Now notice something: As Hayes elaborates his horror at the separation of mother from child, he seems to arrive at a conclusion that there is something inherently oppressive about any kind of immigration rule at all. The “men in suits or men in uniform” he speaks of do not just “show up.” The border crosser goes to them. She is not just “living her life … and then all of a sudden, the state can come in and wrench your life apart.” She, of her own volition, traveled hundreds of miles to challenge the authority of a foreign state to police its frontiers. When her challenge failed—when she was apprehended and detained—what happened next must have felt harsh and frightening. But dictatorial? Totalitarian? In democracies, too, the wrong side of the law is an inescapably uncomfortable place to find yourself.

Trump and his brutish methods are radicalizing his opponents. But those opponents still retain the choice not to be radicalized. The spreading view that immigration is a civil right and that immigration enforcement is totalitarian is an attack on democratic legality. It subordinates rules and norms to desires and passions. It is also a corrosion of the ideal of a constitutional state. Social-media outrage is manipulative and dangerous even when it appeals to generous sentiments. The generous sentiment quickly becomes a foundation for yet more of the division and anger ripping apart this American community.

I was born in one country and am now a resident of another. So was my mother. So were all four of my four grandparents. I speak from inside the issue, and I am here to plead: Understand its power for good and for harm. In Europe and America, border laxness has empowered extremism—and trying to counter that extremism with still more extremism will do no good for any principle of freedom.

When managed lawfully and in reasonable numbers, immigration can be a tremendous addition to a society’s dynamism, wealth, and power. But management is indispensable. Legality is indispensable. Immigration control is both conservative and progressive: progressive because it enhances equality and mobility; conservative because it binds societies more cohesively together and strengthens the connection between a society’s past and its future.

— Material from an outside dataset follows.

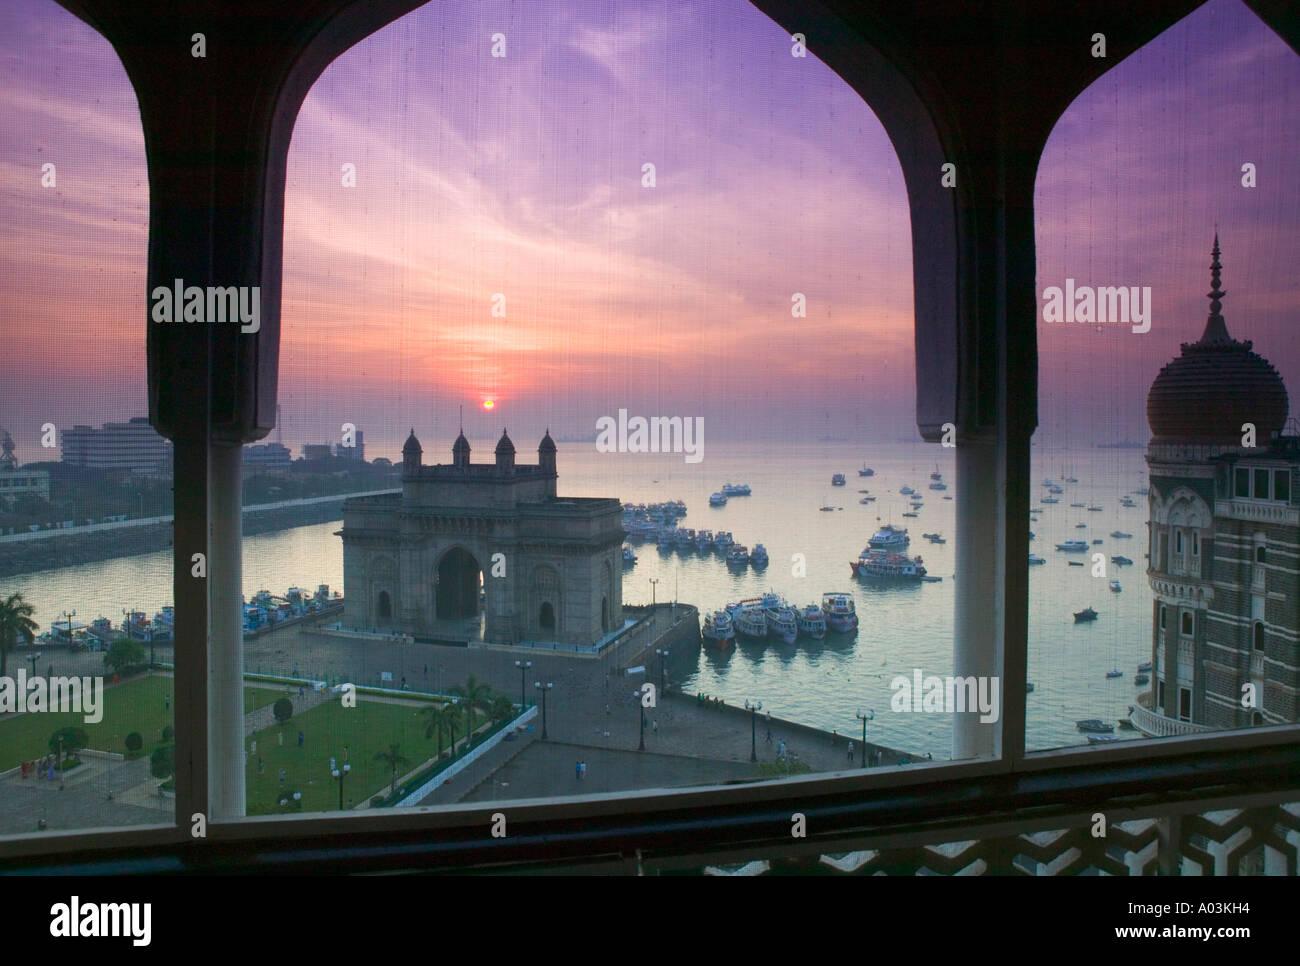 Gateway of India, Mumbai (Bombay), India Immagini Stock

It’s not easy to decide what to do about the accelerating surge of illegal immigration from Central America—or about the surges that will soon follow from the rest of the planet if the present surge is not checked. But the decision will surely be better made by means of rational discussion than in response to emotive images. You want to be different from Donald Trump? Fine. Do what he does not do: Think.

David Frum is a staff writer at The Atlantic.